The story as such seems to be not my thing - not my characters, not my genre - but I'm tempted to read it anyway just because the warning is so awesome.
(The footnote, possibly the most delicious detail, references the origin of the Plagiarism -- both alone and with someone else line. Which is really the most awesome thing ever. In this year, anyway, and if you're German or familiar with German politics in particular. Well, and I guess you'd need to be familiar with confessional formulae, too. Oh, gods, context. Why did I leave academia again?)
The bees, alas, were stupid. When you unite two hives, you're supposed to brush all the bees of the weaker hive in front of the box of the stronger hive so they have to find their way in on their own - that way, the queen (or any laying workers) are stopped and killed by the guard bees and there won't be any war or regicide going on inside the old hive. Anyway, the point is you can't just put the frames of the old hive into the other.
My boxes are placed on a wooden palette so they have even footing, and also so that, should there be a lot of snow (as there was in the past years) fresh air can still find its way into the hive from below. So there's a height difference between the ground and the entrance of the hive. For which reason I built a ramp from the lid of the now-empty box (the ground as such would've been too cold for the bees at this time of year). That's what they tell you to do in the bee-keeping courses, too. Foolproof, they say. Works every time. Bees are smart.
Yeah. Guess what the bees did?
Instead of marching into the hive, they balled up underneath the ramp. Where, of course, a goodly amount of them froze. Fortunately, only the outer layers - inside the ball they were still warm and alive.
So I took the ramp away and instead balanced a board right in front of the entrance, and then brushed the bees onto that board, and then most of them made it into the hive before it started sleeting. *facepalms*
(Yes, it's late in the year to unite hives, but as November was so mild, it wasn't clear then whether it would actually be necessary -- I had to wait for colder temperatures. Unfortunately, we didn't get dry cold but wet cold...)
While dealing with the bees, I had to leave Felix alone, inside, in his cot - of course. (That is, I couldn't take him along to the bees, of course - and I had to leave him alone because there was no daddy or mom-in-law or other babysitter available during daylight. It was only twenty minutes anway.). By the time I came back he was screaming in panic, and he was crying so hard that the tears were pooling in his ears. I have no idea how people can still propagate leaving babies (even younger than Felix is now, at that!) to cry as a measure of teaching them to be on their own and not pester their parents. In the olden days, when we didn't know all the things about heartrates and stress levels and the way the infant mind works -- but today? ARGH. (Jörg recently asked me why I was getting so worked up about what my aunt had said. This is why. Grandmothers are grandmothers, but she's of our - well, his - generation and could know better.)
Anyway, I felt like a rotten mother for the rest of the day. Felix, on the other hand, calmed down as soon as I cradled him and gave him suck and kissed the salt streaks away, and was back to his cheerful, curious, cuddly self afterwards, so I assume I have been forgiven...

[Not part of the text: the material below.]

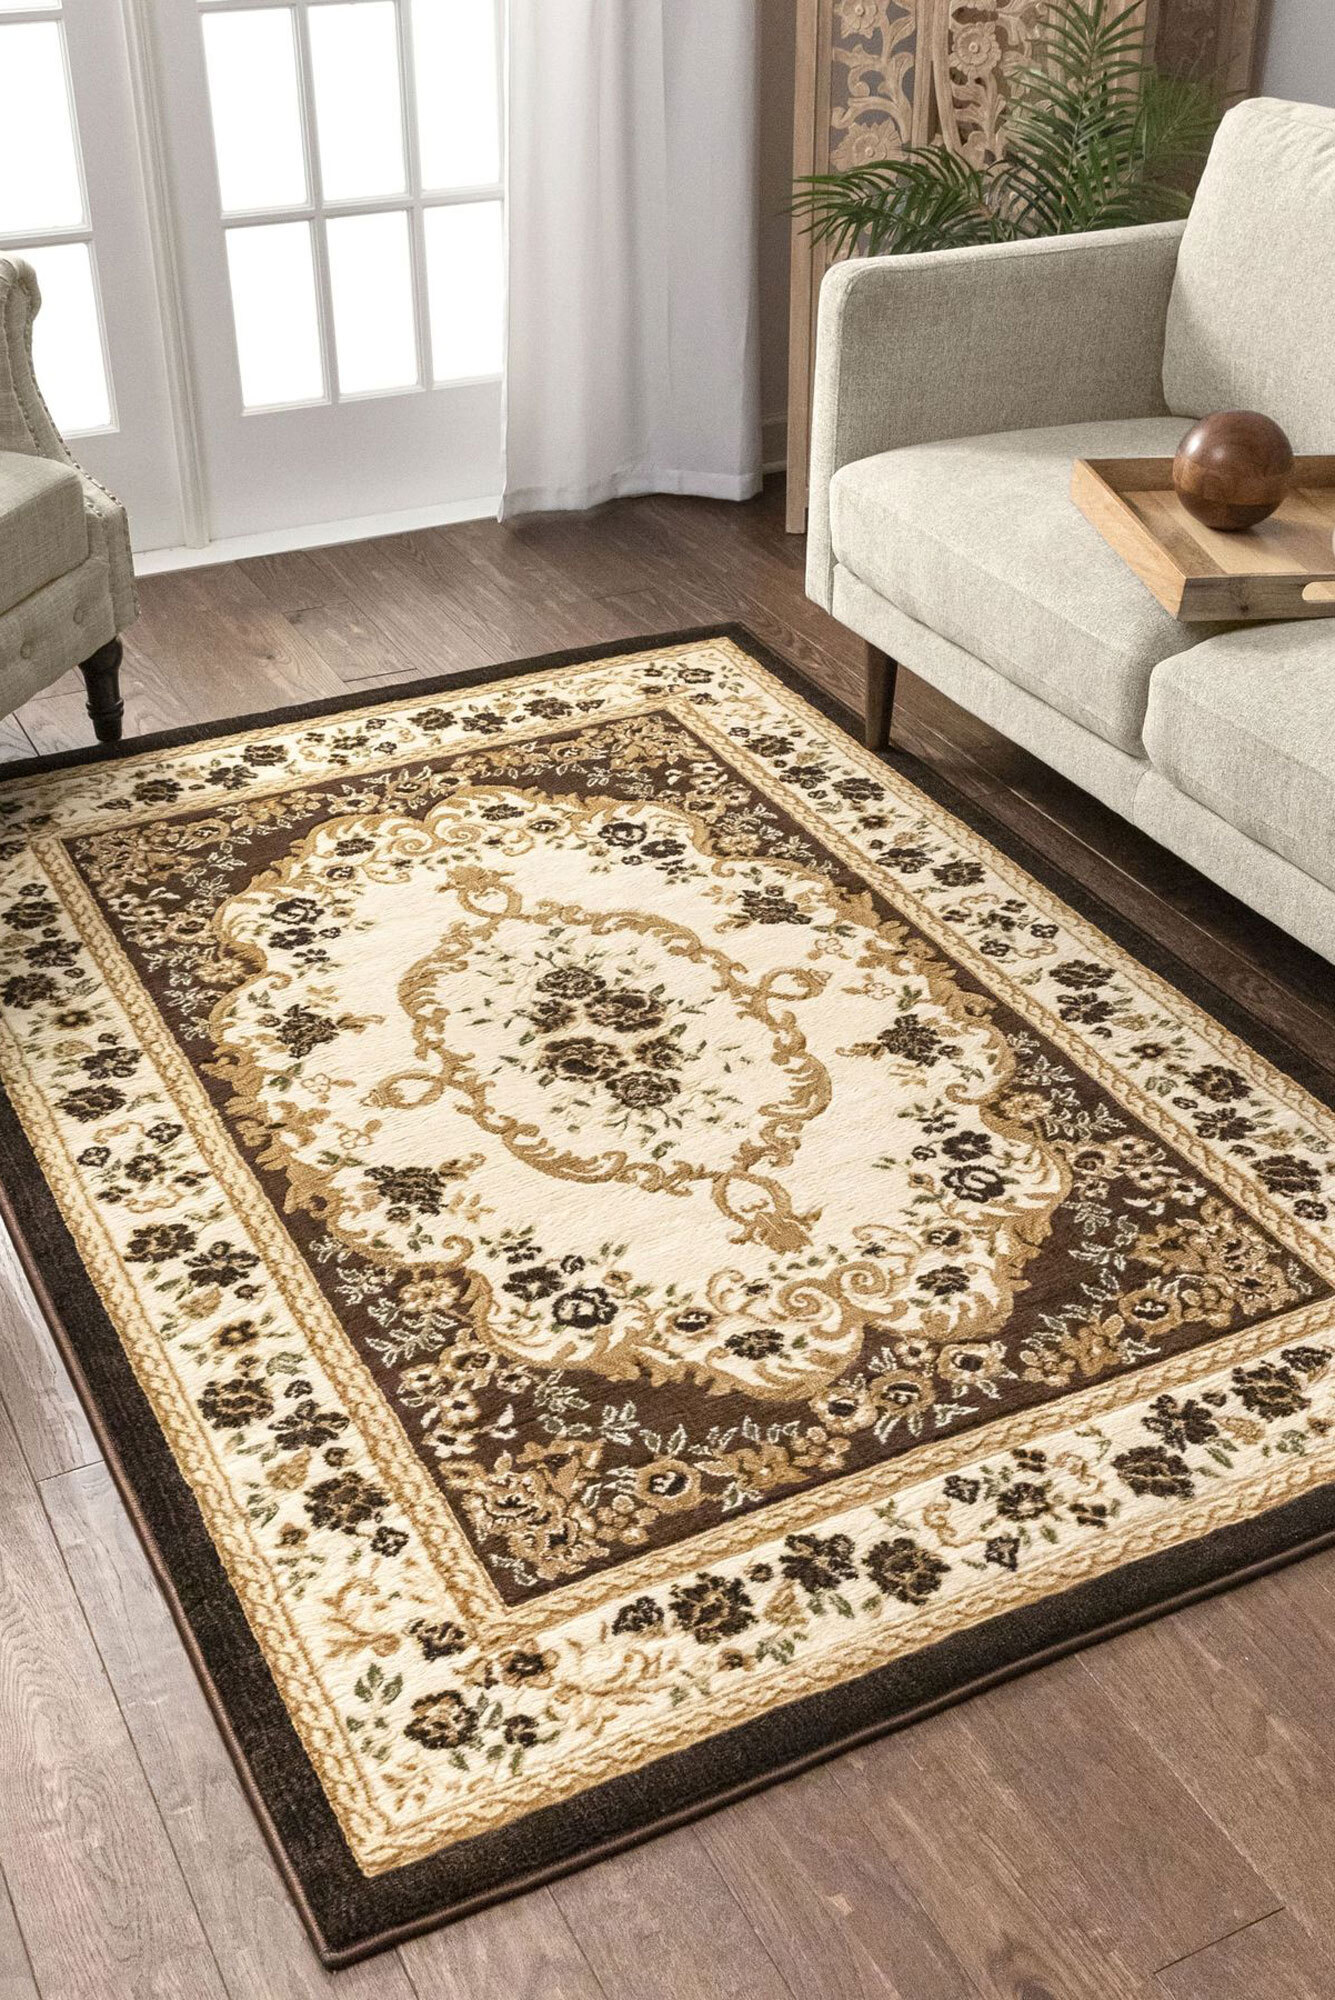 Axel Classic Floral Medallion Rug(Size 170 x 120cm)

Tenant lady dropped by this morning to say that the mice were back in their ceiling. >_> Hopefully it's just because we finally put the heating ducts inside as opposed to up the outside walls and haven't yet blocked all the passageways into the house (as I said, until recently it was pretty mild outside - and Jörg is back to normal work, which in December is particularly stressful because of the delightful "Whoops there goes the year" brand of planning, so construction work is only possible on Sundays), so that problem will be solved easily. Otherwise, I foresee another Week From Hell (TM) like we had in summer when I was just out of the hospital...
And that's it from Lyra-land for today, or for the moment anyway.